How lucky we are in Tokyo, to be graced with the world premiere of “Les Liaisons Dangereuses” by one of the leading dancers of our time, the former Royal Ballet principal, Adam Cooper.

The 33-year-old Englishman became a overnight sensation in Japan two years ago, for his role as the Swan in the gay reworking of the classical ballet “Swan Lake” by Matthew Bourne’s London-based Adventures in Motion Pictures. It wasn’t just his outstanding dance technique, but his very charismatic aura that made such a huge impression. Then last year Cooper returned to Japan’s stage scene with his new version of the musical, “On Your Toes,” based on the 1936 Broadway hit by Rodgers and Hart, originally choreographed by George Balanchine. In that show, Cooper, as Junior Dolan, the dance master in this comic tale of a ballet company’s internal troubles, gave a dazzling display of his talent as an all-round entertainer — dancing, acting and singing — in his two roles of clownish teacher and elegant jazz dancer.

This year Cooper has gone one better by not only performing and choreographing “Les Liaisons Dangereuses,” but also having conceived it from the beginning with his long-time business partner, co-director and designer, Lez Brotherston. Having gained such a massive following in Japan, Tokyo seems to be the logical place to debut a production he has invested so much of his energy into.

“Les Liasions Dangereuses” is based on the novel by Pierre Choderlos de Laclos (1741-1803) that was, due to its satirical swipe at aristocratic society, actually banned when it was first published. Given the story’s scandalous nature, it is not surprising that in our post-aristocratic era “Les Liaisons Dangereuses” has been filmed and staged numerous times.

Set in 18th-century Paris, the story concerns one Marchioness Merteuil (Sarah Barron), who asks her former lover Viscount Valmont (Adam Cooper) to seduce and take the virginity of Cecile (Helen Dixon), the fiancee of Count Gercourt (Richard Curto), by whom she has recently been ditched. To add to the steamy stew, the enchantress Merteuil naughtily also asks Valmont to seduce the faithful and morally upright Madam Tourvel (Sarah Wildor) — just, it seems, to confirm that in matters carnal all women are as vulnerable as she herself.

As a reward, if he succeeds in both beddings, Merteuil promises Valmont a night of passion beyond his wildest dreams. What scheming Merteuil hadn’t bargained for, though, was that Valmont would fall head over heels in love with Tourvel . . . an unforeseen liaison that would have tragic consequences all round.

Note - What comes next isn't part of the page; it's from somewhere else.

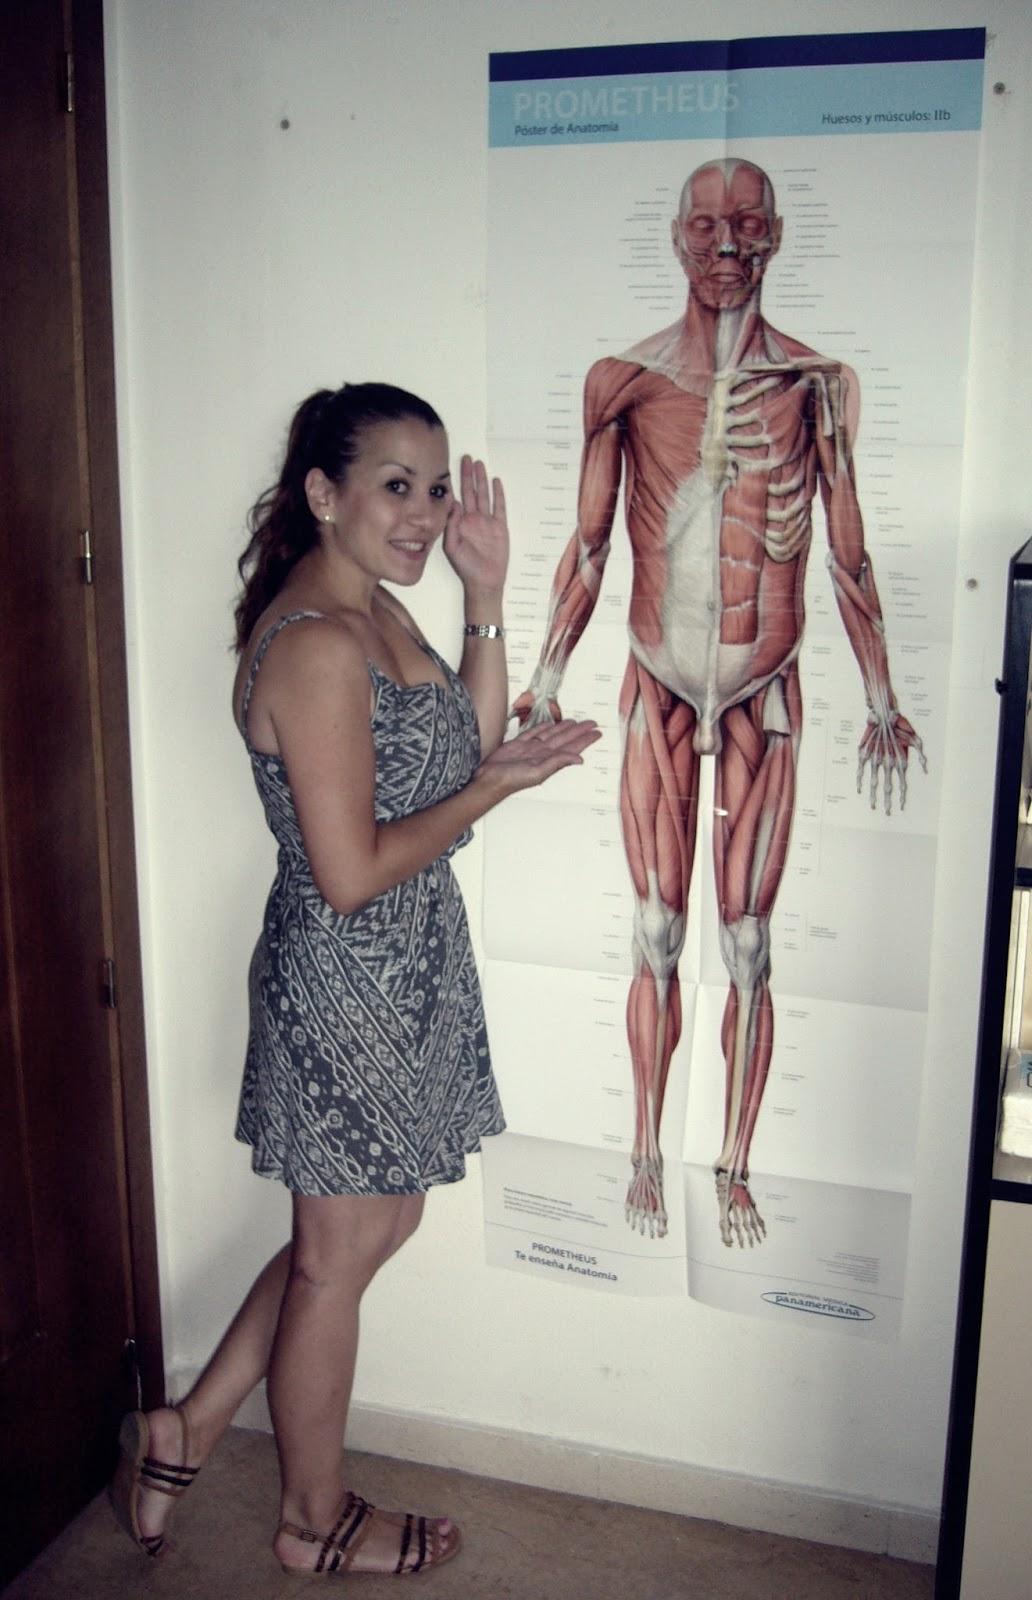 TO\'s En Formación: Anatomía Humana. Prometheus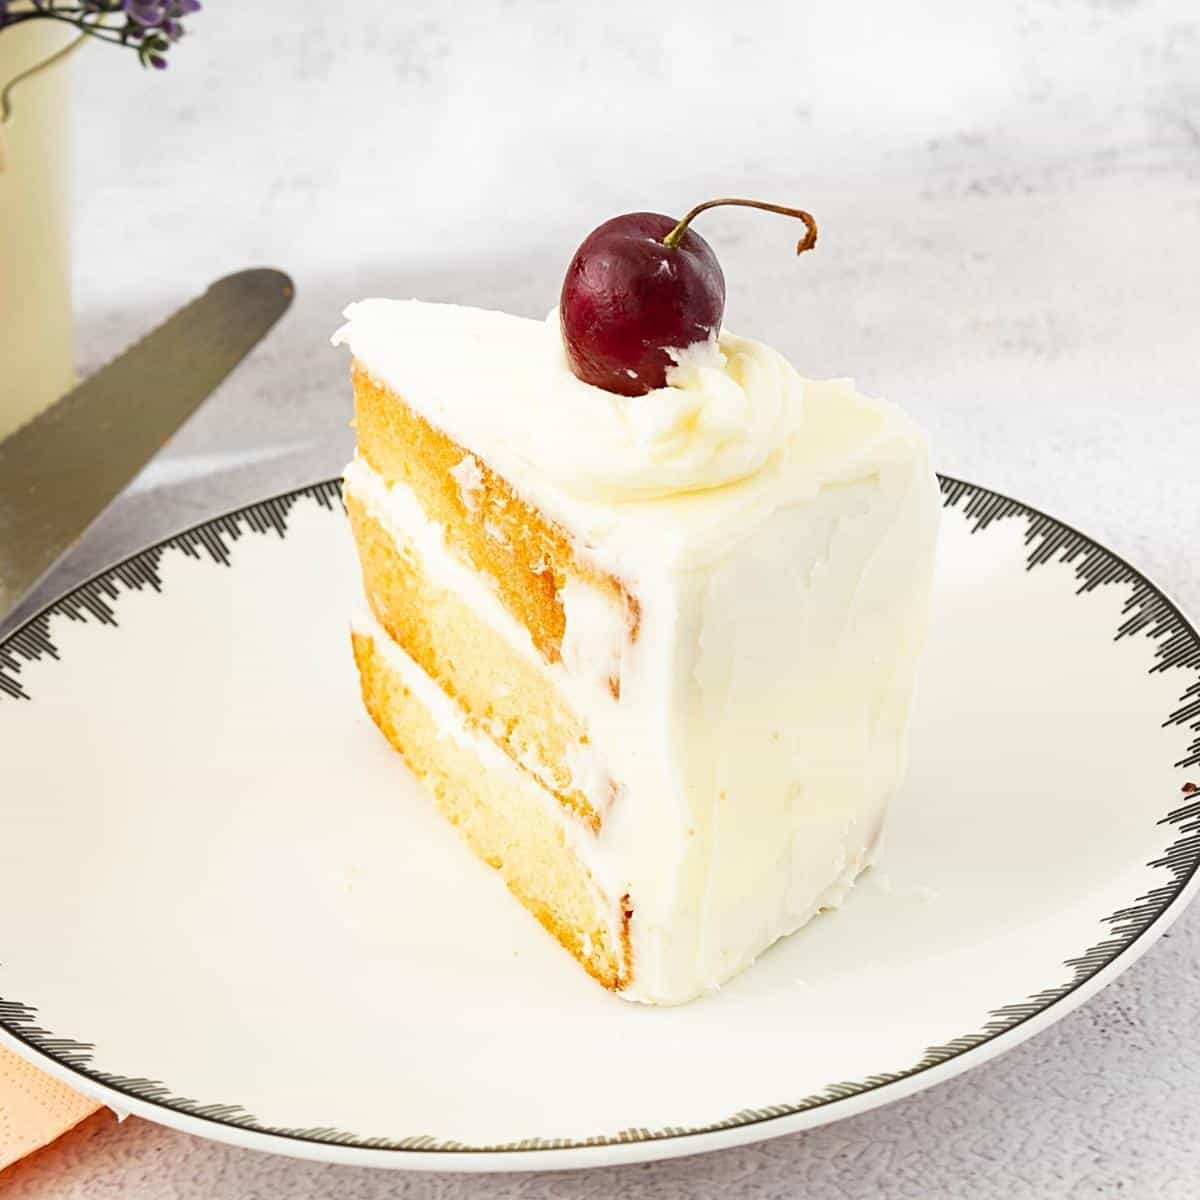 Vanilla sponge cake on a plate.

At an advance press conference in Tokyo, Cooper said that with this production he wanted to create a completely original and new type of ballet — one that he even said may not be categorized as ballet at all. This, he said, was because to understand ballet, audiences need some kind of special knowledge about its forms of expression, whereas with his “Les Liaisons Dangereuses” he wanted “to offer an entertainment accessible to all that told of scandals and unbalanced relationships taking place beneath a veneer of elegant gentility.”

From the start onstage, the veneer is very much in evidence, as, behind a shimmering white sheer curtain, masked dancers come and go like ghosts from the past. Then the scene moves to a room in a gorgeous 18th-century French chateau that Brotherston modelled on the Hall of Mirrors at Versailles. But it is a mirrored room in which the mirrors at times become transparent to allow the audience a glimpse of what is hidden in the dark workings of the human heart. It is not just the sets, with all reflective surfaces, golden frescoes, period sofas etc., that dazzle the eye here, but also the gorgeous costumes, especially a provocative orange dress worn by Merteuil, a virtuous and delicate black-lace one worn by Tourvel and — outstandingly — the luscious black leather dinner jacket and shamelessly sexy leather pants in which Valmont struts his stuff.

Beyond all this, though, the key to this production’s memorable success is its casting. It feels as though the story has been written precisely for each of these dancers, and their personalities fit their roles perfectly — none more so than Barron’s devastating femme fatale and Cooper’s Don Juan-like ladykiller (a role that he said shows that bad people can be interesting, attractive and positive, too.) Apart from a few operetta snippets from Valmont’s aunt, Madame Rosemonde (Marilyn Cutts), here Cooper lets his and his cast’s graceful, dancing alone tell the story and express the characters’ emotions — nowhere to greater effect than when Cooper himself performs a virtual striptease in the course of deflowering Cecile, perfectly representing men’s insolence and sense of superiority through, in particular, the haughty way he moves his legs and toes. If a stretched leg or curled foot could be more erotic, this critic has yet to see it.

At the press conference, Cooper declared, “For Japanese audiences, I wanted to deliver something they’ve never seen before, and also I wanted to make a production that was accessible to everybody.” He has surely succeeded. It is a great privilege for Japan to host the world premiere of such a tour de force of avant-garde European aesthetics, a privilege, Cooper said, that he bestowed to recognize the loyalty of his supporters in a country he feels is a kind of second home.